▶ [WORK REQUEST]:
What needs reproducing is the run of lines in the data below starting at the line with "Girls Coats Disney" and ending at the line with "dana_gray_studio_stationery-5.jpg", both ends included. Copy it exactly, without pictures, and add nothing.

▶ [TASK INPUTS]:
[Start of section]

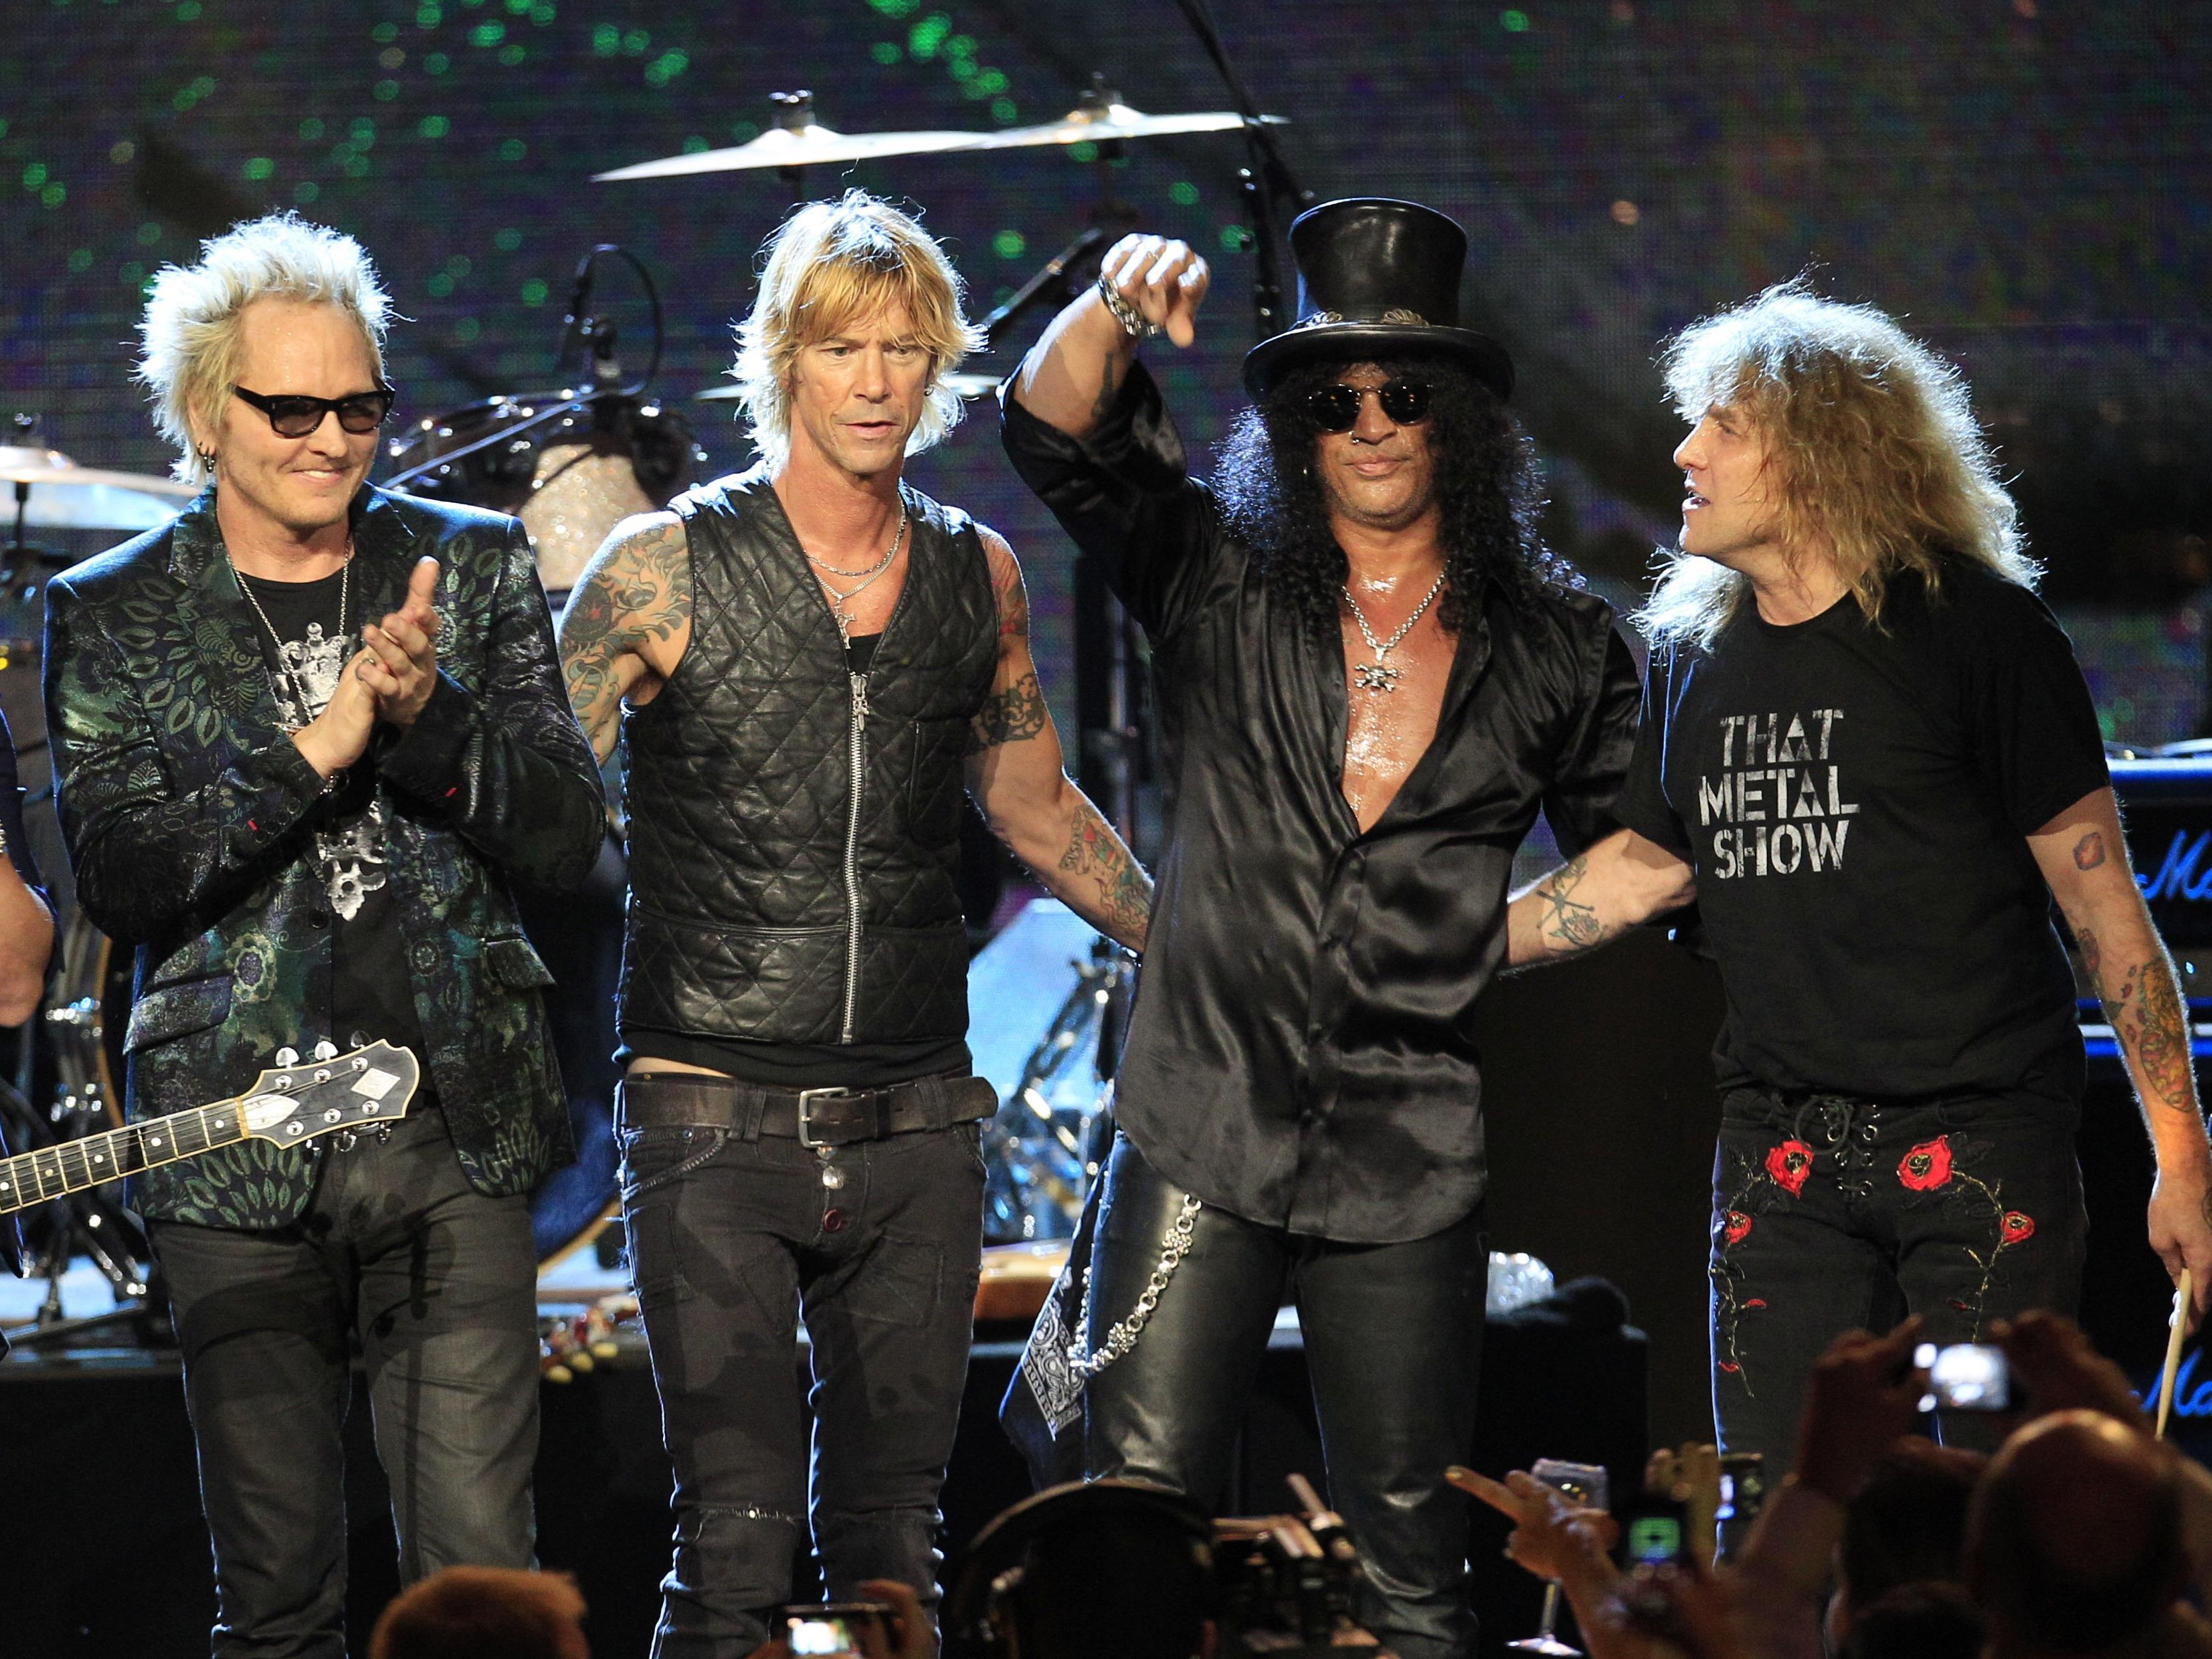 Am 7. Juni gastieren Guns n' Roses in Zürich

[End of section]
[Start of section]

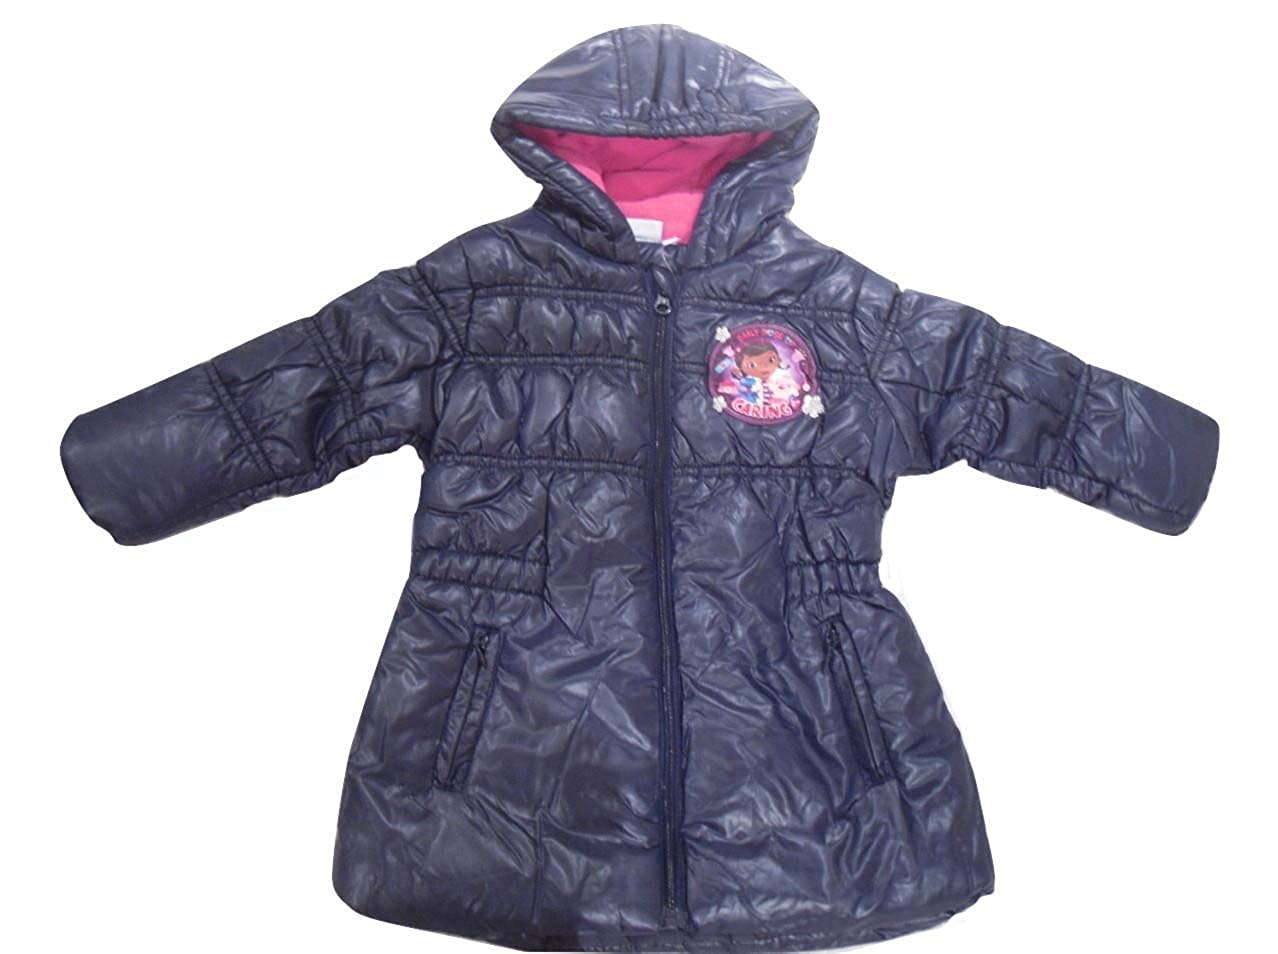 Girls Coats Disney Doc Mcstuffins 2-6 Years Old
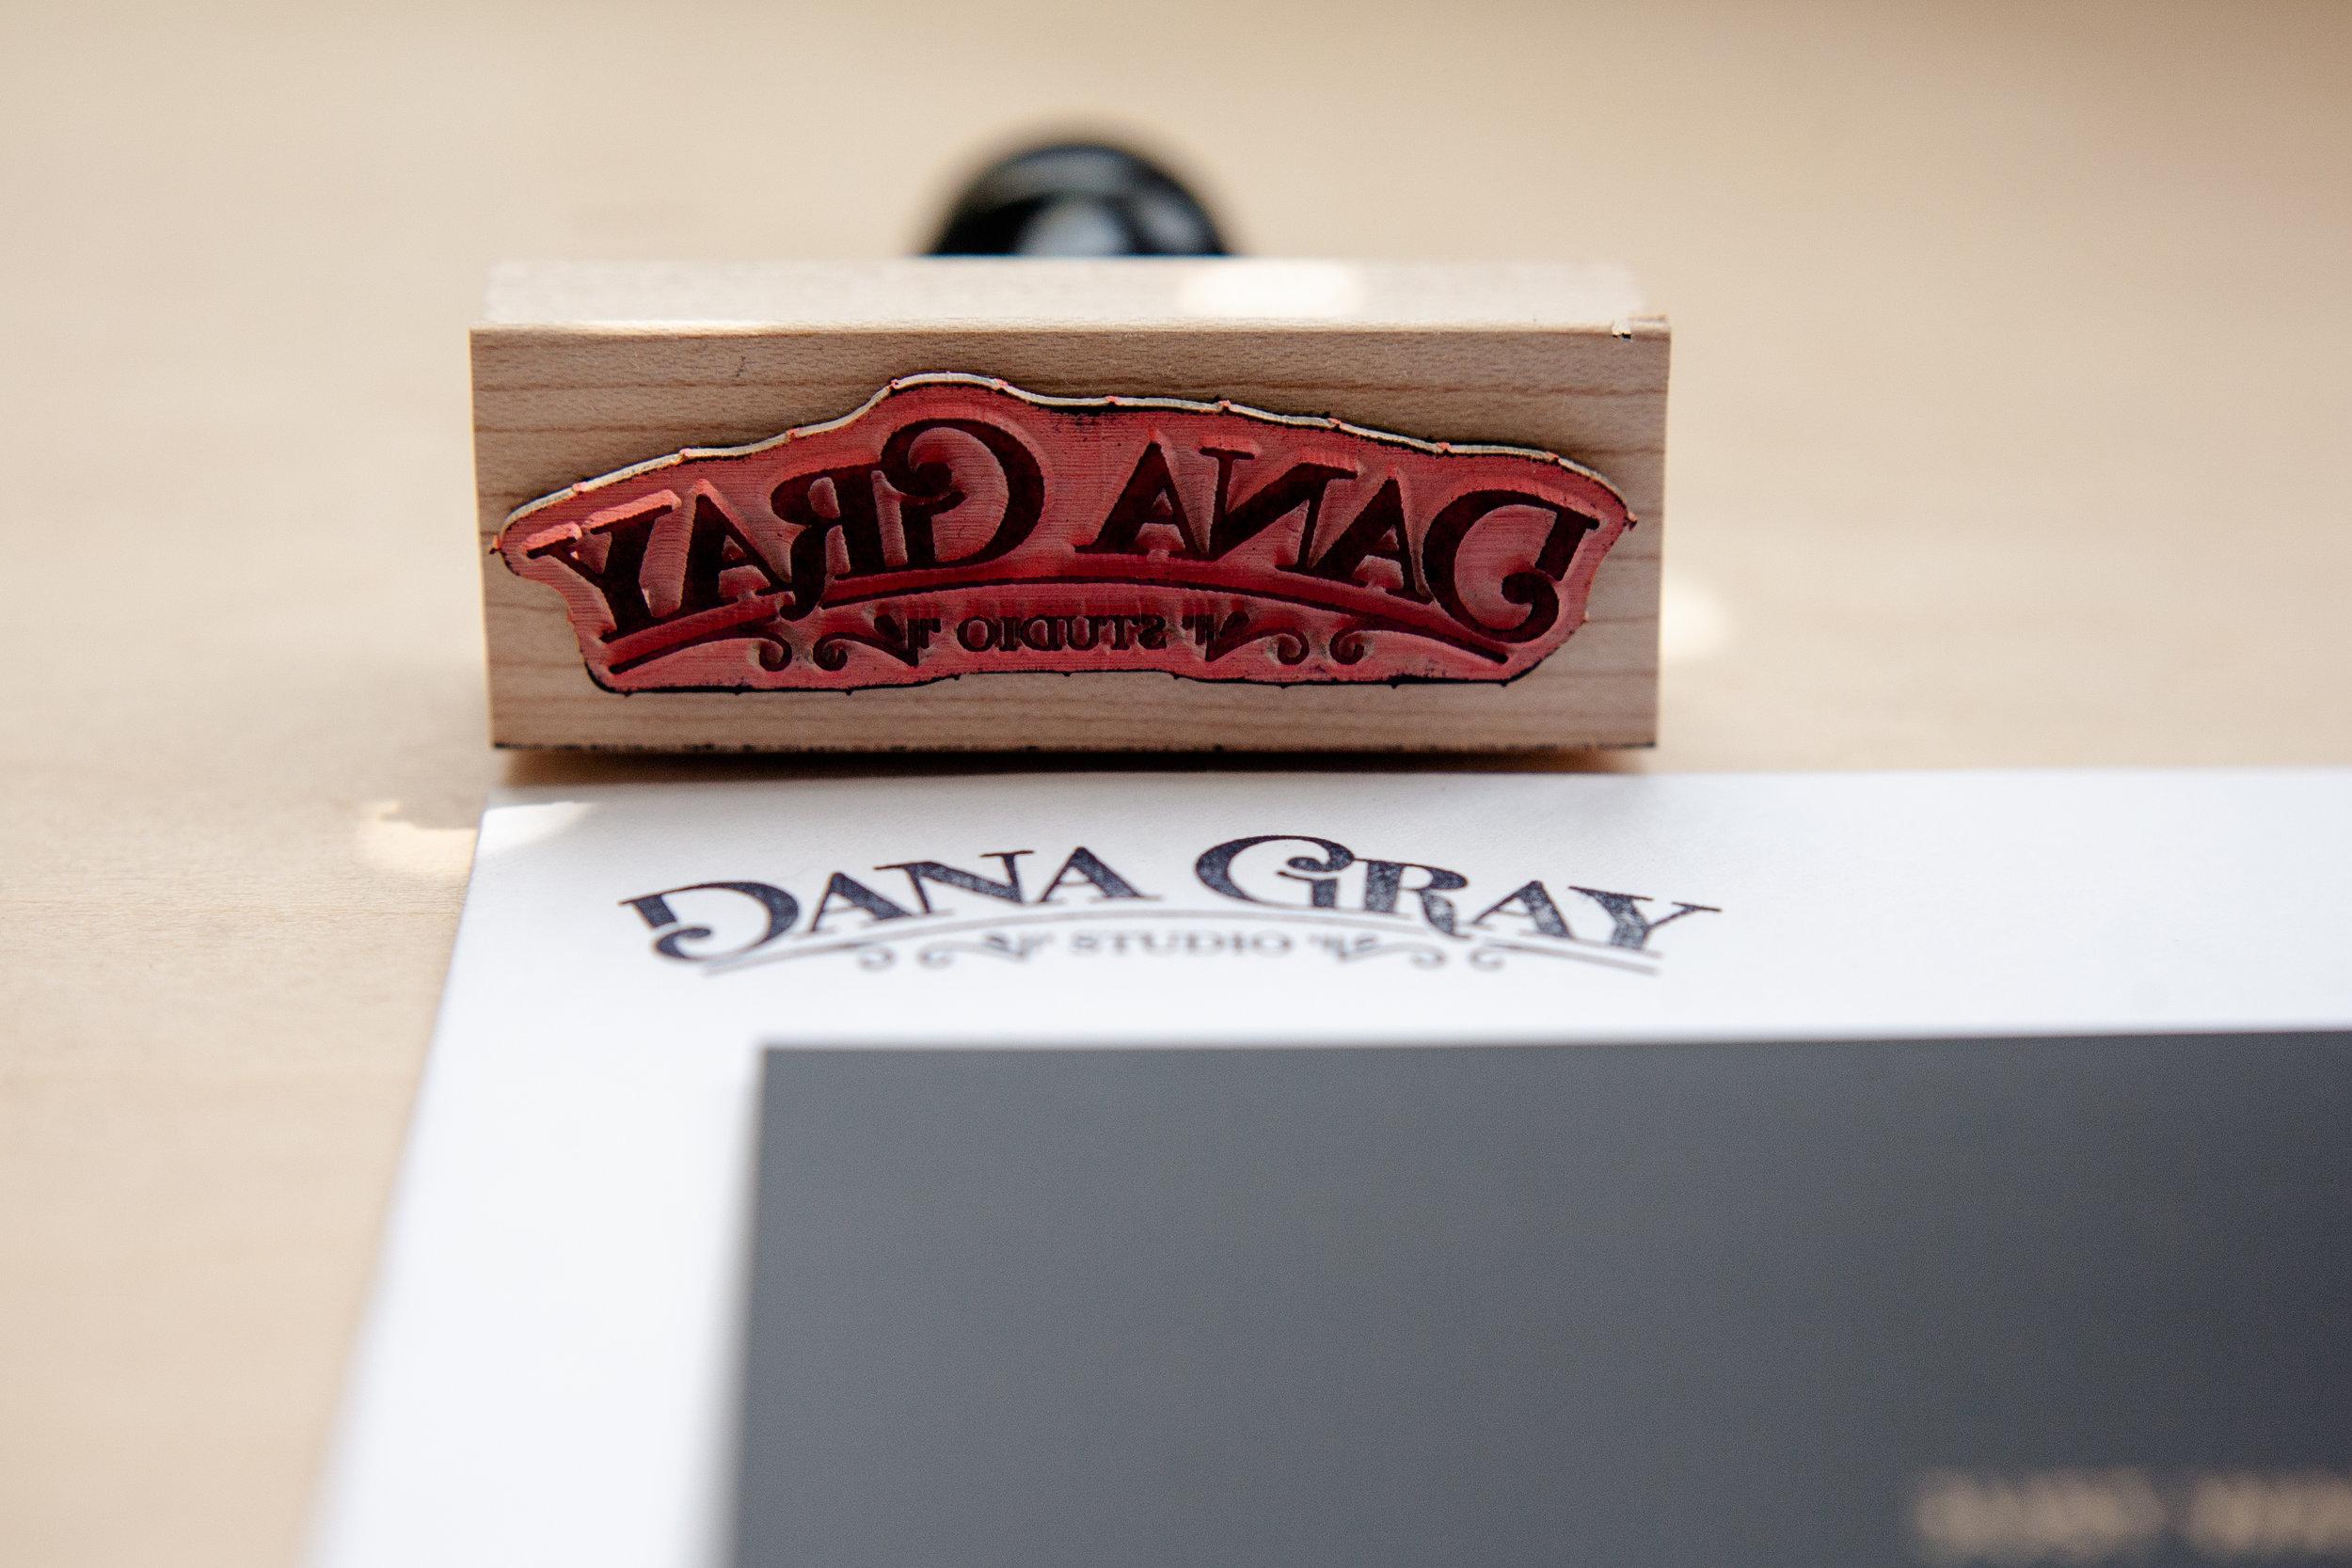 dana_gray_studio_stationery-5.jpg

[End of section]
[Start of section]

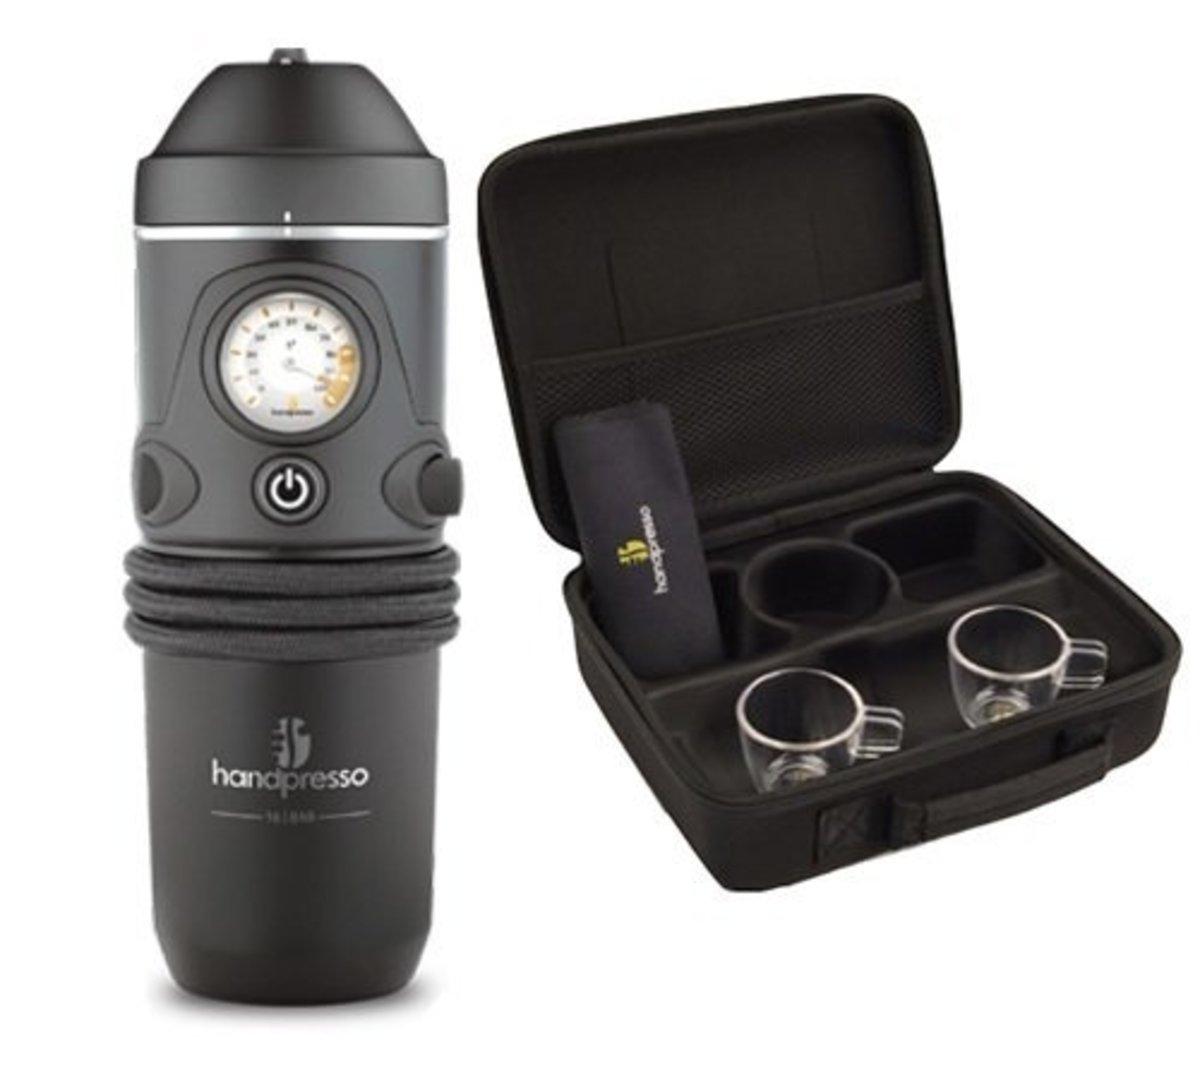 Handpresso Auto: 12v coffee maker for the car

[End of section]

▶ [SOLUTION TO THIS PROBLEM]:
 Girls Coats Disney Doc Mcstuffins 2-6 Years Old
 dana_gray_studio_stationery-5.jpg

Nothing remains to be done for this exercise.